The medical device industry is making a concerted effort to mitigate the effects of the annual tax on U.S. sales, which will be administered by the IRS. Under current excise tax statutes, the tax bureau defines a manufacturer as “any person who produces a taxable article from new or raw material, or from scrap, salvage, or junk material, by processing or changing the form of an article or by combining or assembling two or more articles. If you furnish the materials and keep title to those materials and to the finished article, you are considered the manufacturer even though another person actually manufactures the taxable article. … A manufacturer who sells a taxable article in knockdown (unassembled) condition is liable for the tax. The person who buys these component parts and assembles a taxable article may also be liable for tax as a further manufacturer depending on the labor, material, and overhead required to assemble the completed article if the article is assembled for business use.”

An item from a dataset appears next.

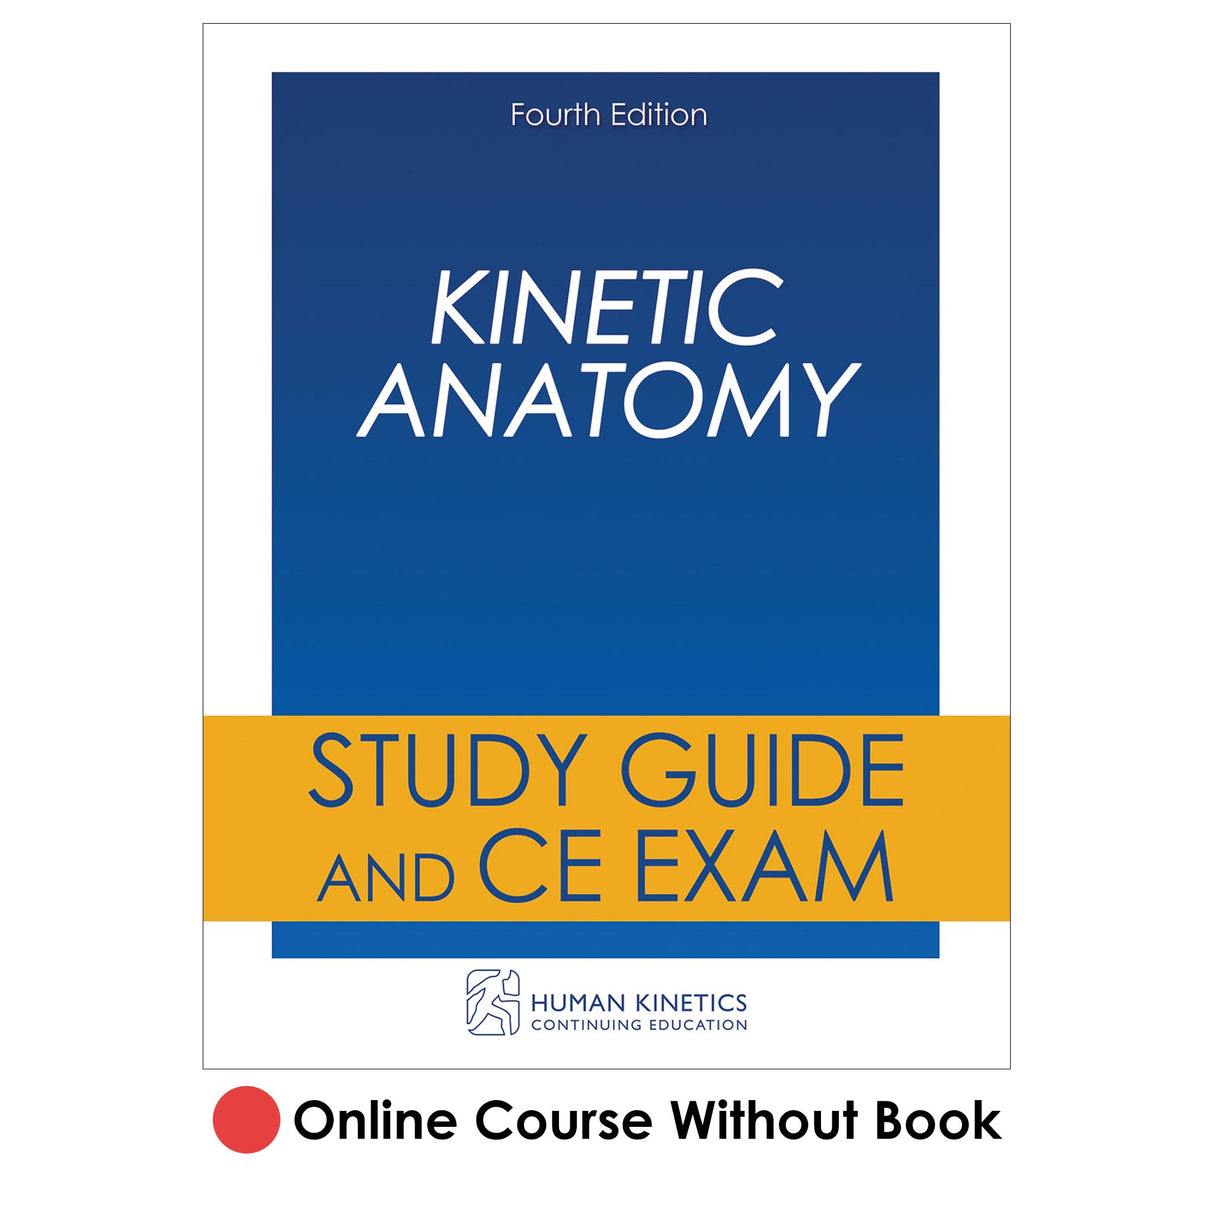 Kinetic Anatomy 4th Edition Online CE Course Without Book

The public comment period will be critical in shaping how the medical device tax is administered. Because the medical device industry is heavily reliant on a vast network of component manufacturers, the possibility of a single product being taxed multiple times is possible under a broader definition. Including contract manufacturers in the excise tax formula could have broad implications for small contract and component manufacturers.

Ubl said the IRS is planning on a second public comment period after it releases a proposal on how it plans on administer the tax.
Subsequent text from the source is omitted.